My mom introduced me to food through her uncomplicated home-cooked meals. She didn’t always have the time or the energy or the will to make it, but she did it. I consider her consistent creation of home-cooked meals to be one her greatest feats as a mother — not to belittle any of her other feats, such as raising me. I bow to any mother who consistently gets dinner on the table.
My mom also threw some pretty kick-ass dinner parties. Back when my bedtime was 8 P.M., I would lie awake listening to the laughter that emanated from her dining room while people carefully pried open salmon papillote. I marveled at the way she could make someone smile with an apple crisp and an antique dessert plate. Even though I didn’t understand it, I delighted in watching peoples’ reactions to her food.
For my mother it seemed food was a vehicle that she used to offer a part of herself to others. She made fresh coffee cake when me or my sisters had friends sleepover. She roasted chicken for the neighbors after they had a baby or lost a parent. She used food to comfort and delight. She used it to bring people together. Being around my mom sparked an urge in me to explore this mystical relationship between food and community.
Later on while I was in college, I spent a semester studying in Sevilla, Spain. I lived with Nani, a sassy Spaniard who raised three children on her own and didn’t take crap from anyone. She yelled at the T.V. She smoked and had a mouth like a sailor. She was unapologetic in the way she lived life. Her cooking reflected the same attitude.
She managed her own business making hand-sewn Flamenco dresses. She would run home during lunch hour and whip up the most insane gazpacho I’d ever tasted. She was a different kind of mom with a different style of cooking that still managed to make me feel warm and fuzzy inside.
Her dishes were simple. Her dining room table was small and casual. But the understated furnishings stood in stark contrast to the energy and vibrancy in her food. She encouraged table banter that far outlasted the coffee and fresh oranges we noshed on after dinner.
After college, I lived in Honduras as a Peace Corps volunteer. The day I arrived at the small village I would call home, Mina, my host mother, read the fear and shock on my face. She sat me down in her kitchen and invited me to help her shuck corn. In her small kitchen with turquoise walls and a wood-burning stole she preformed triage. Instead of a splint, she handed me a dull knife. In place of a bedpan, I got a bucket to collect the kernels.
She taught me how to make tortillas de maize and sopa de gallina indina. Each tortilla, black bean, and fried egg she served carried a little bit of Mina in it. Her round belly, short stature and permanent smile made her loveable; her food made her unforgettable.
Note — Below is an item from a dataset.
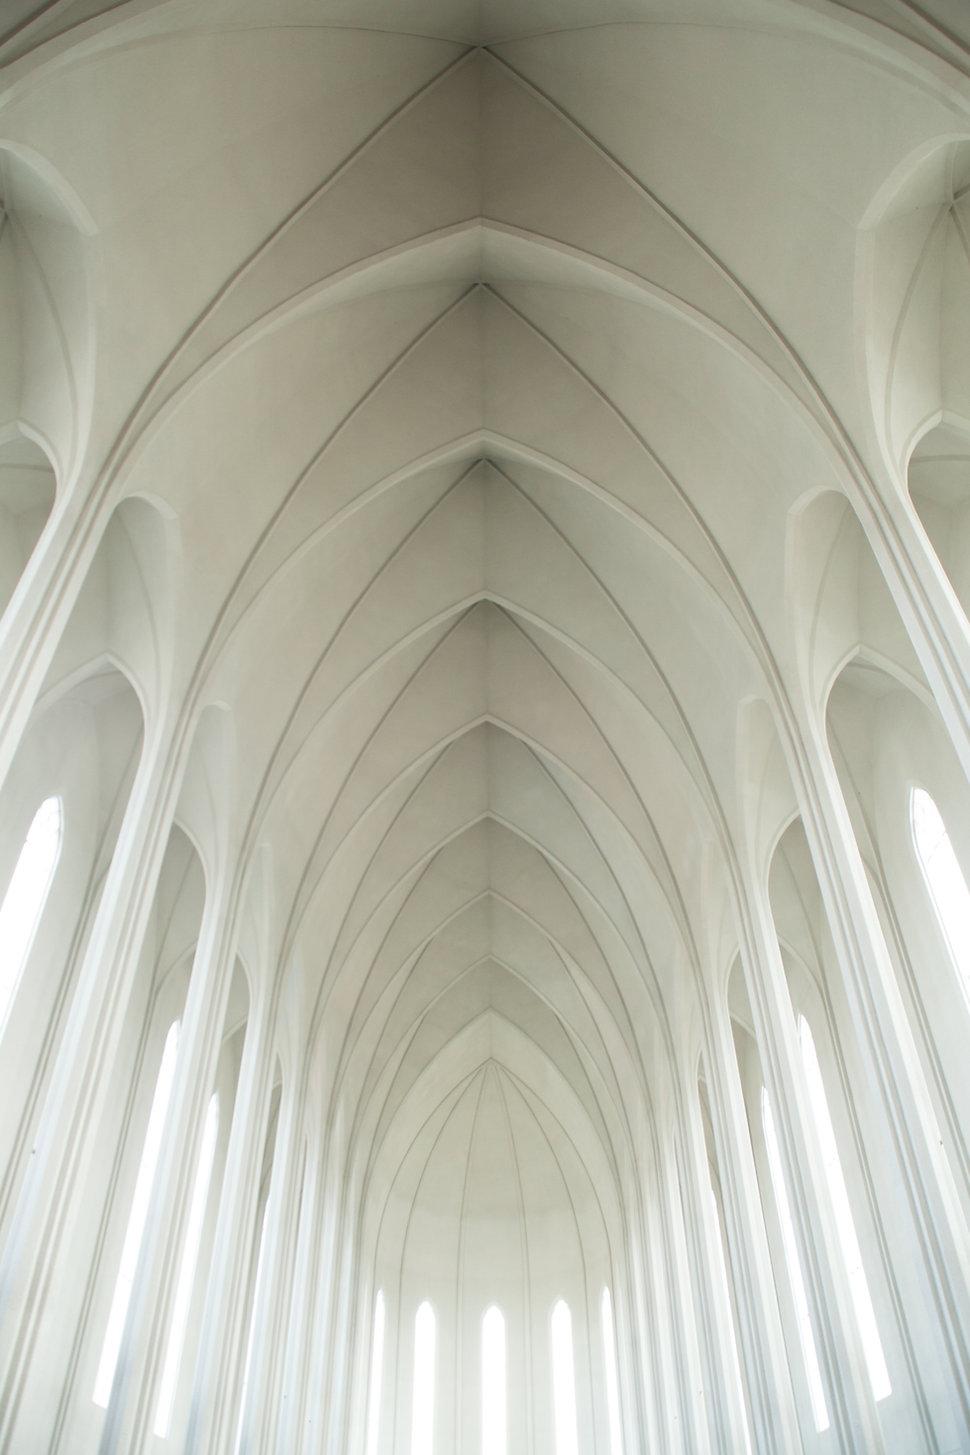 Plafond blanc arquéesLes

When I contemplated changing sites due to on-going health issues, it was the moments I spent with Mina in her kitchen that made me pause.
Each woman represents something different for me, but I am inextricably linked to all of them through the moments we shared in the kitchen. It was a linchpin, a place to connect through the communal process of creating something bigger than us.
In moments of pure, unadulterated joy and heavy, low-hanging sadness, the kitchen has always been the place where I’ve found sattva, a lucidity, an equilibrium. The acts of eating and cooking serve a guidepost to mark what matters most: the people with whom we most long to connect and cherish.